The first 104 cases enrolled in B-31 were reviewed and "results of IHC testing by small-volume laboratories were demonstrated to be extremely unreliable," Dr. Paik said. A false-positive rate of 18 percent was demonstrated for IHC testing, with about 20 percent of cases that could not be confirmed as positive (Paik S et al, J Natl Cancer Inst 2002;94:852-4).

The protocol was amended, requiring HER-2 IHC testing to be done by laboratories that routinely test large volumes of samples (more than 100 per month) and could demonstrate high concordance between IHC and FISH testing, Dr. Paik said. The FISH test tends to be reliable whether it is done by small- or large-volume laboratories, he added.

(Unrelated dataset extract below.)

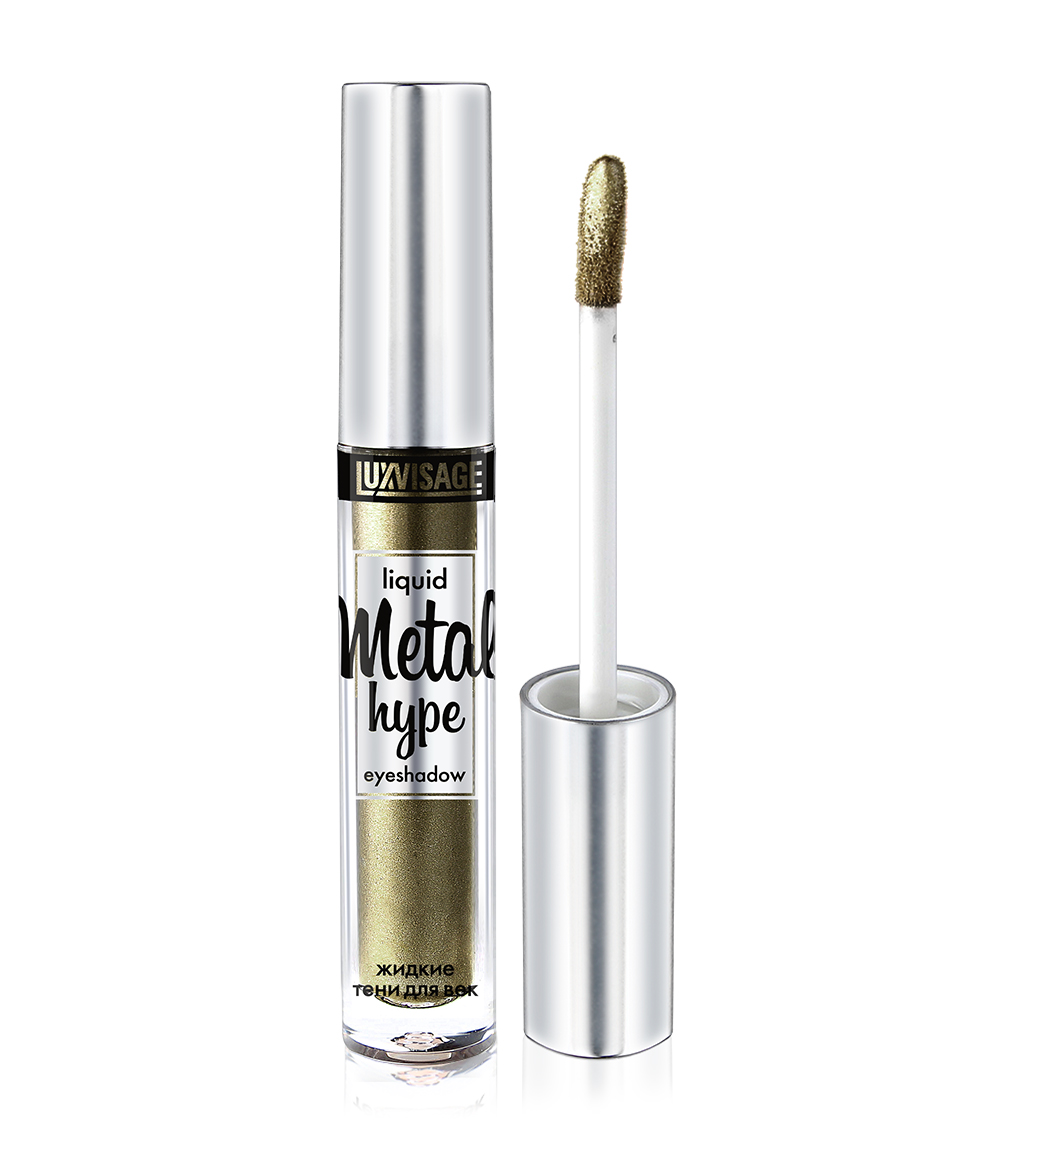 Liquid Eyeshadow Metal Hype- 15 Sunny Olive product available at family pharmacy online buy now at qatar doha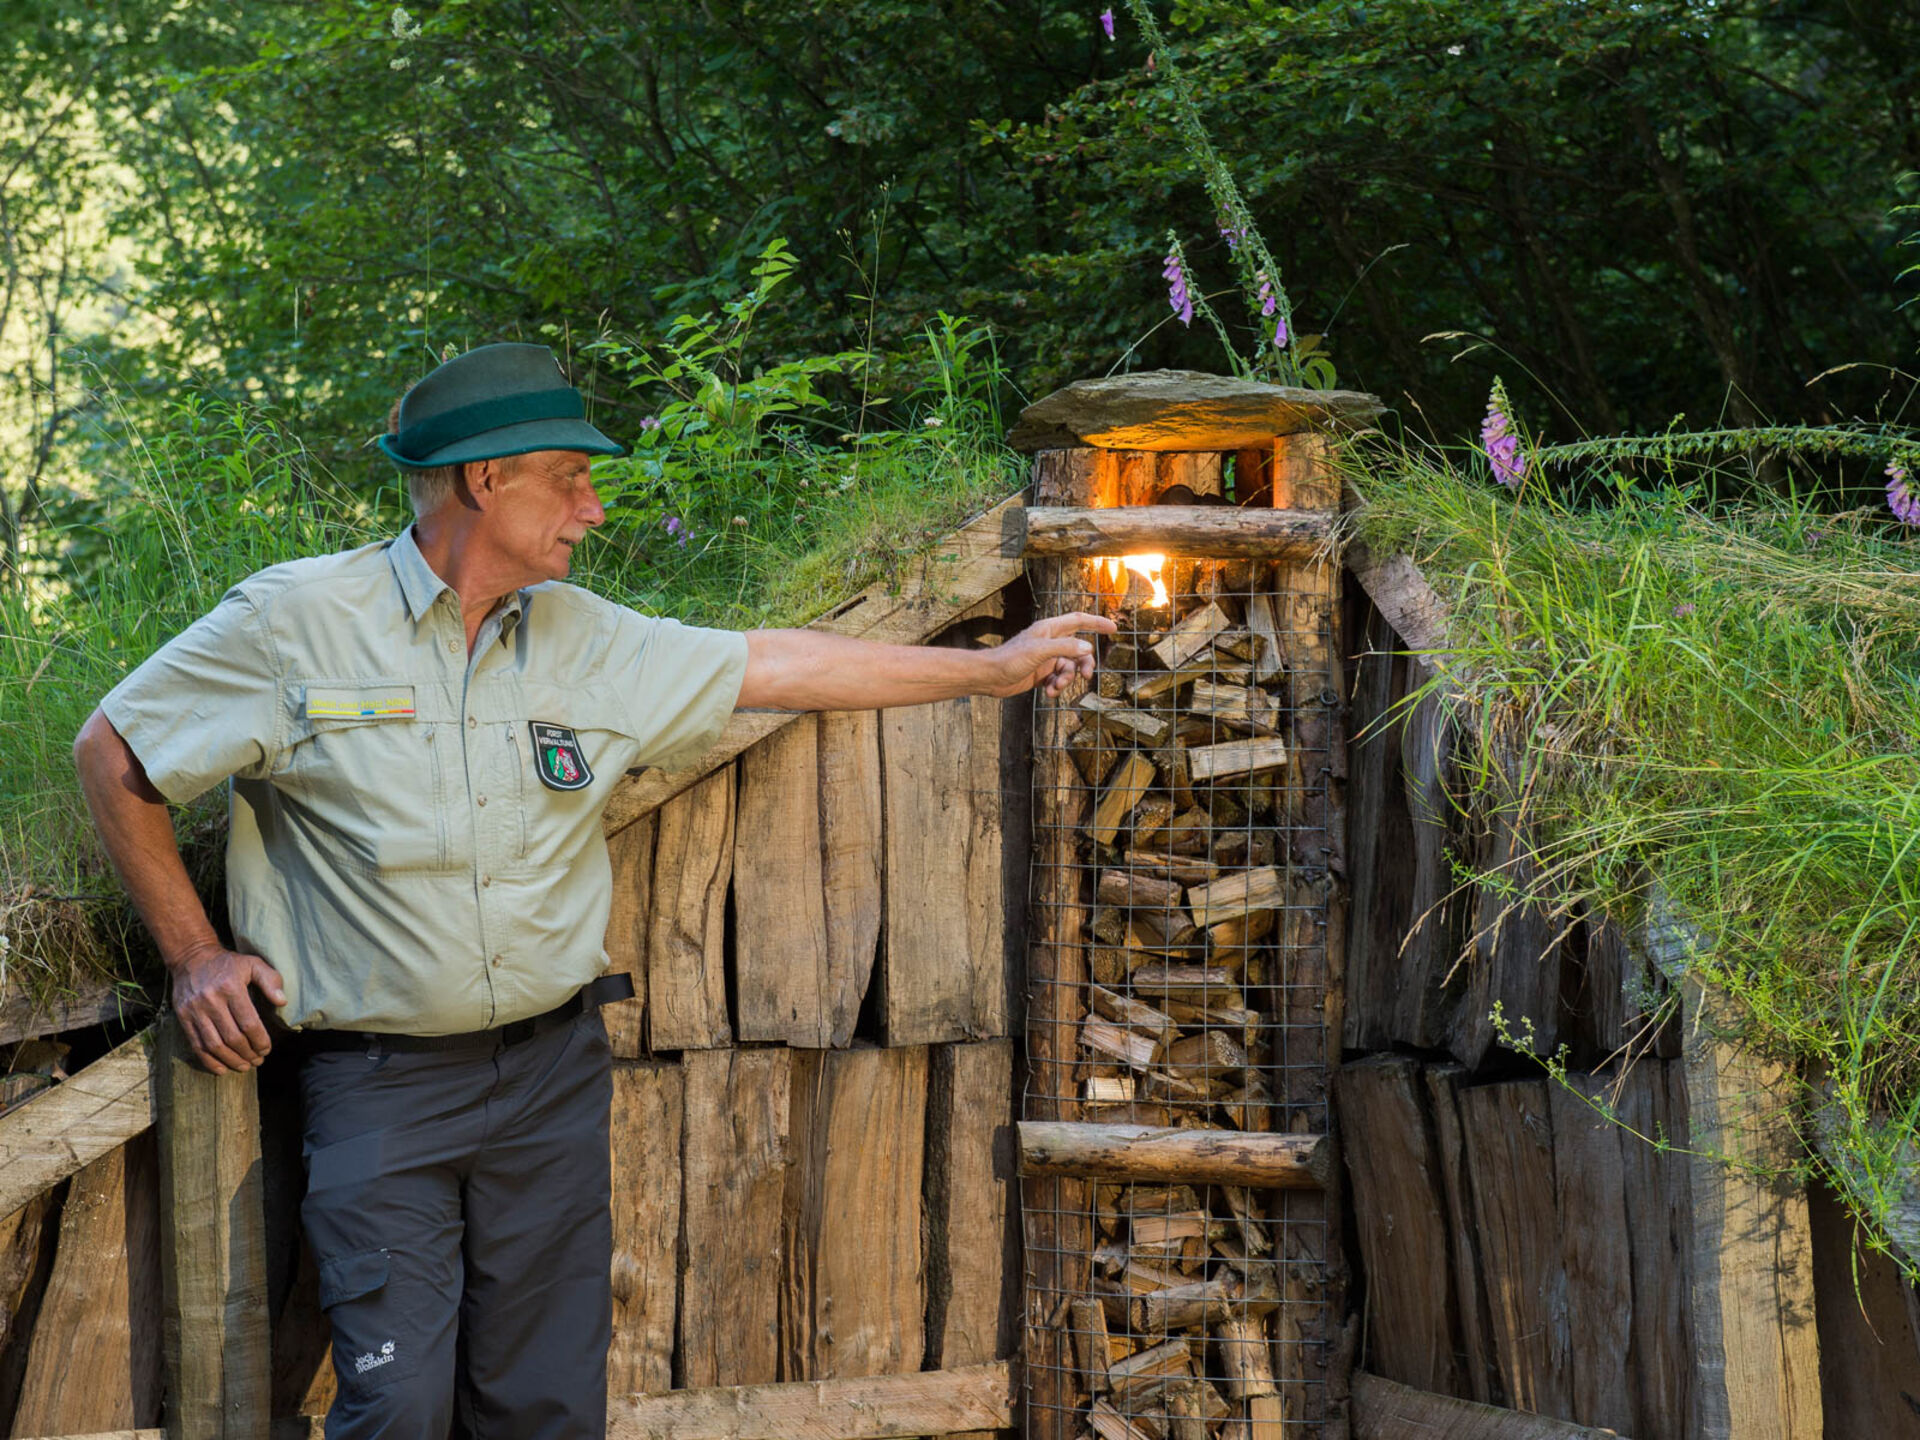 Forest ranger on the forest worker and forest ranger path in Latrop in the Sauerland

Since the protocol amendment was instituted, 240 cases have been tested using the Central PathVysionÆ FISH assay. Approval has been granted to 26 laboratories in the United States to date, resulting in reduction of the false-positive rate for IHC testing for HER-2 from 18 percent to 3 percent, Dr. Paik said.

This study was supported by grants from the National Cancer Institute, United States, and Genentech.